Could Volcker Affect the Rebalance?

By James Armstrong

Russell Investments will rebalance its indexes this month, and the industry is wondering if this year will see sufficient liquidity for the rebalance, or if the impending Volcker rule will mean less flow coming from proprietary trading desks.

In the last two years, the Russell rebalance has been relatively orderly, as buys and sells were able to pair off without much market dislocation-at least when compared with rebalances during the financial crisis.

Phil Mackintosh

But this year's June 22 rebalance could be affected by the Volcker rule's requirement that banks divest themselves of their prop desks, said Phil Mackintosh, global head of trading strategy for Credit Suisse. He wonders whether imbalances will continue to shrink as in recent years.

"If all other things were equal, I would say this year would probably continue that trend, and the trade would get closer to being matched, but I think Volcker is the elephant in the room," Mackintosh said.

Although the Volcker rule, which bars banks from engaging in proprietary trading, has been postponed, many banks are already shedding their prop desks, which could impact liquidity.

Each year, the rebalance requires huge amounts of liquidity toward the end of June, when Russell posts final membership lists for its indexes. For the reconstitution of the indexes to run smoothly, some traders-usually from prop desks, hedge funds and mutual funds-take speculative positions they will later offload to index funds.

The speculators buy up an inventory of new names to sell to index funds and short the dropped names to buy them back on the day of the rebalance. Since Russell starts releasing information at the end of May, the speculators have plenty of time before the rebalance at the end of June, when most index fund managers wait until the last few minutes of rebalance day to make their trades.

In 2006 and 2007, speculators went overboard causing a "wrong way" rebalance in which they overbought the stocks added to the indexes and had too many shorts on the stocks being left off. The credit crisis changed all that, and in 2008 and particularly 2009, the speculative community largely avoided the Russell rebalance, leading to a "right way" rebalance; index funds struggled to get enough liquidity in the names they needed to change.

Though some rule changes still kept speculators away in 2010, last year saw a more typical rebalance, in which there was a fair amount of liquidity available for index funds.
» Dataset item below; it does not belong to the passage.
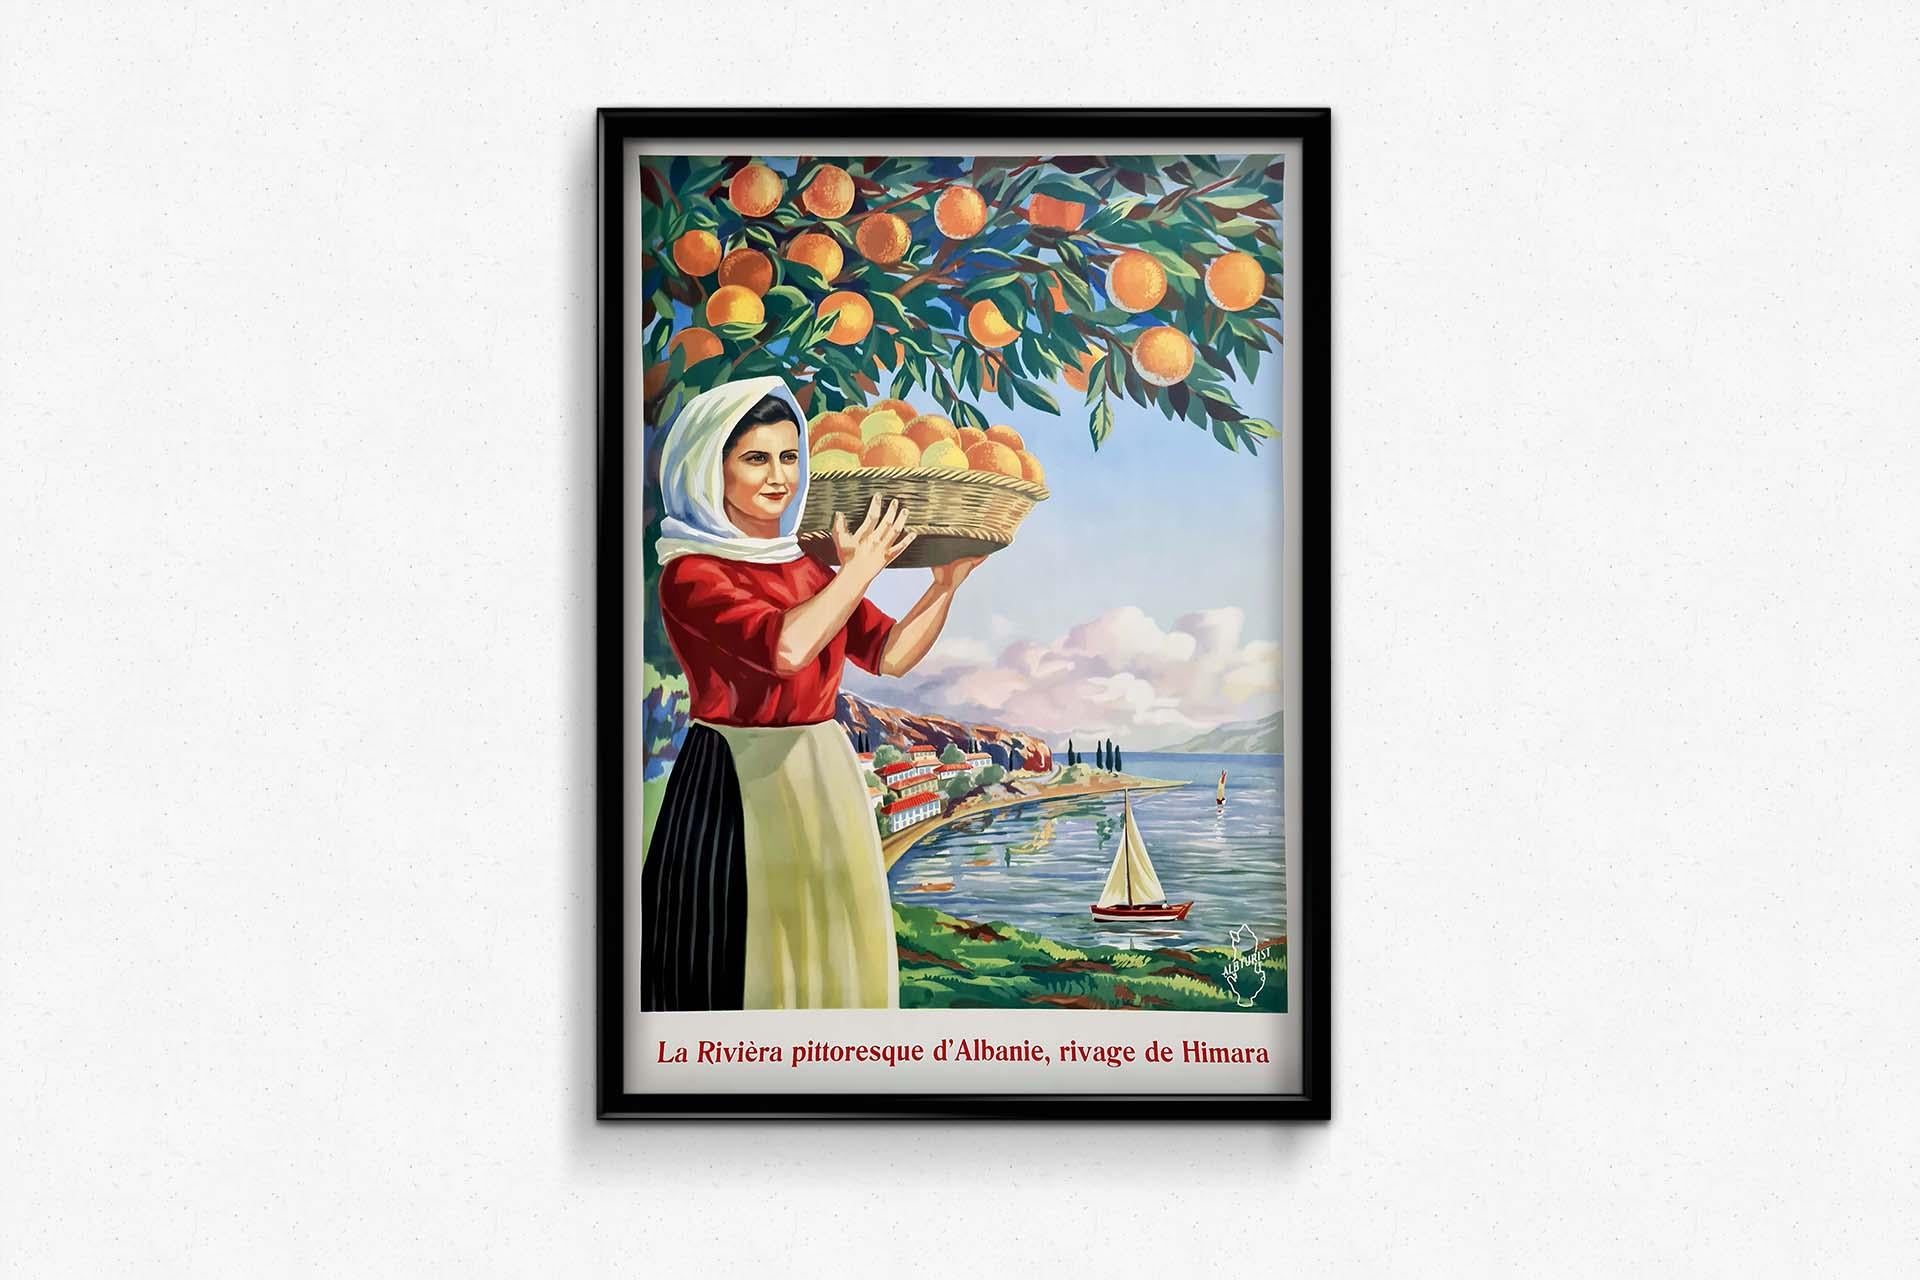 Beautiful travel poster for Albania, written in French. The poster depicts a woman holding a basket of fruit, overlooking the shores of Himarë. Himarë or Himara is a municipality in southern Albania in the district of Vlorë on the Ionian

The question now is whether speculators will be able to match the rebalance with the inventories they have built up in the months ahead of the reconstitution.

While many banks seem to have already purged their prop trading businesses, it is still unclear where all those prop traders have gone.

"We don't know if they've started up hedge funds," said Mackintosh. "We don't know if the hedge funds have the same capacity and risk appetite as the prop desks used to have, same access to borrow as they used to have."

Charles Behette, a director at ITG and the firm's resident index expert, said this year's reconstitution will likely be orderly like last year. He said traditional asset management firms could pick up some of the slack left by prop desks.

"There are a lot of mutual fund managers being compared to ETFs, and they're looking to enhance their returns this year to differentiate themselves," Behette said.

Russell releases preliminary lists of the stocks in its 2012 indexes on June 8.